Threading methods were difficult to evaluate because they involved two separate criteria: fold recognition and model accuracy. Attempts to gauge performance used weighted averages of fold recognition and alignment accuracy with and without normalization for target difficulty (Levitt, 1997). Using these measures, it was clear that threading predictions had improved significantly based on the number of successful predictions from a large number of groups using easier targets. Generally, fold recognition methods outperformed simple sequence alignment against the database of known folds. The average RMSD of one predictor between model and target structures was 5.1 Å. The best models for two easy targets had RMSDs of 2.9 and 4.2 Å, respectively, with a structural alignment containing more than 80% of the same residues.

Submission of ab initio predictions included secondary structure, three-dimensional coordinate sets, modes of oligomerizaton, and residue and secondary structure segment contact patterns (Lesk, 1997). Secondary structure predictions continued to perform well with the new blind test set; however, tertiary structure predictions were limited to fragmentary success. Predictions of contacts between residues and elements of secondary structure were not consistent.

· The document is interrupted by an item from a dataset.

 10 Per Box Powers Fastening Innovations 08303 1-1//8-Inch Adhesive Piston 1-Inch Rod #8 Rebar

Many of the small molecule-ligand complexes used to assess docking methods involved serine proteases (Dixon, 1997). Overall, the results for the small molecule targets performed well within a RMSD of 3 Å for at least one of the submitted predictions made for each target. The predictors, however, did not perform consistently and correct predictions close to the target solution were not necessarily the top ranking solution. The protein-protein target proved to be more difficult in that there were significantly larger conformational orientations to consider and the identification of surface binding sites were more difficult to identify compared to binding clefts.

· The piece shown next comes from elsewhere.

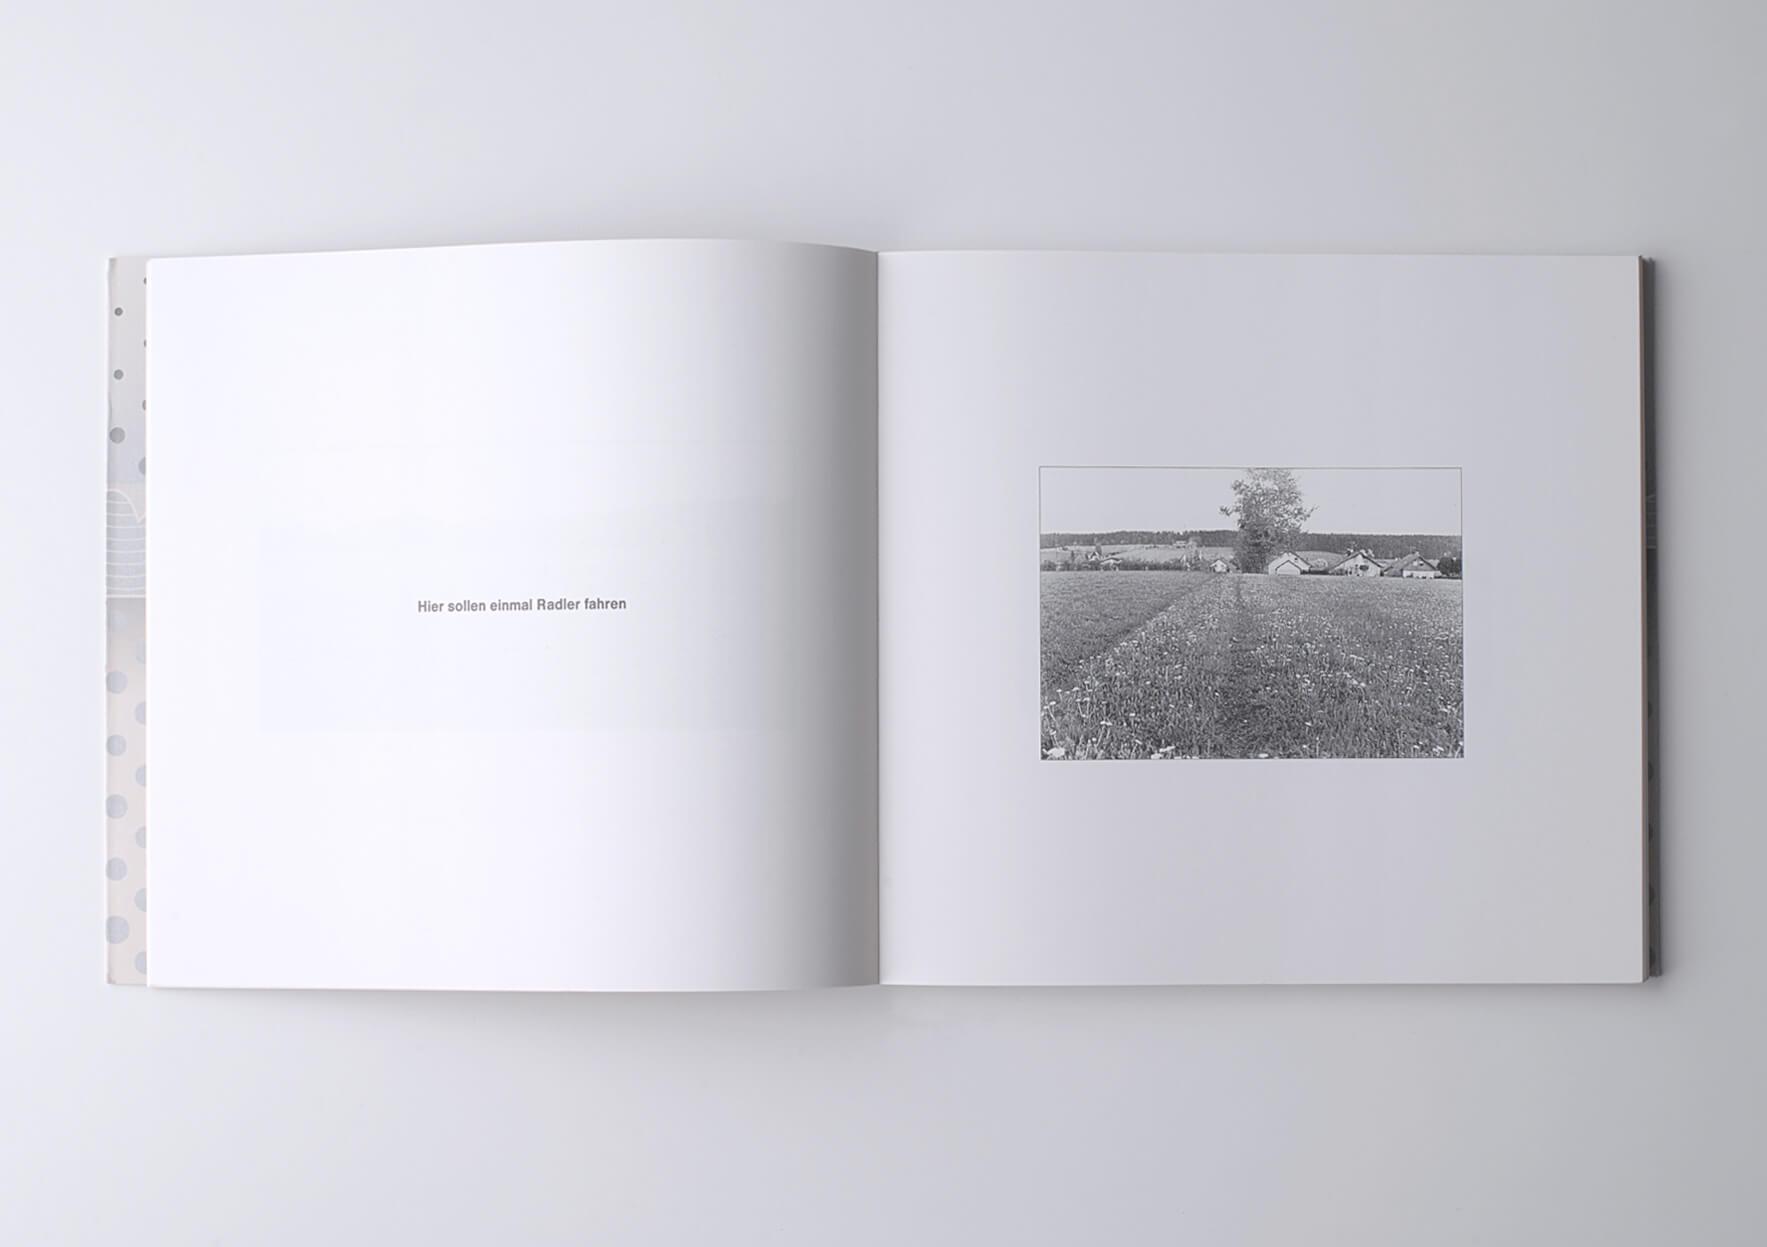 PETER PILLER. Noch ist nichts zu sehen, 1998   Accrochage #3: Footnote nº 10   ProjecteSD

By CASP2, the community of predictors had grown so large that an automated system that could process and verify predictions according to several different evaluation criteria was required. This gave rise to the Prediction Center where predictions could be uploaded and evaluated with the results presented in tabular and graphical form (Zemla et al., 1999). By the time of CASP3 (Moult et al., 1999), other benchmarking services had appeared. These included CAFASP for fully automated prediction (Fischer et al., 1999), EVA (Eyrich et al., 2001), and LiveBench (Bujnicki et al., 2001) (Table 28.1).

EVA (Koh et al., 2003) is a Web server providing automated evaluation of the accuracy of automated protein structure prediction methods, but differs in procedural details to CAFASP. Rather than conducting evaluations every 2 years, evaluations are conducted and updated automatically each week. Secondary structure prediction, contact prediction, comparative protein structure modeling, and folding recognition methods are evaluated. Target proteins to be predicted are collected daily from newly submitted proteins to the Protein Data Bank (PDB) and compared once a week to experimental structures. The results are published on the Web server where a measure of sustained performance as well as the ranking of methods is published. It is argued that this approach is preferable because larger data sets are used and therefore better statistics and ranking schemes can be obtained (Eyrich et al., 2003).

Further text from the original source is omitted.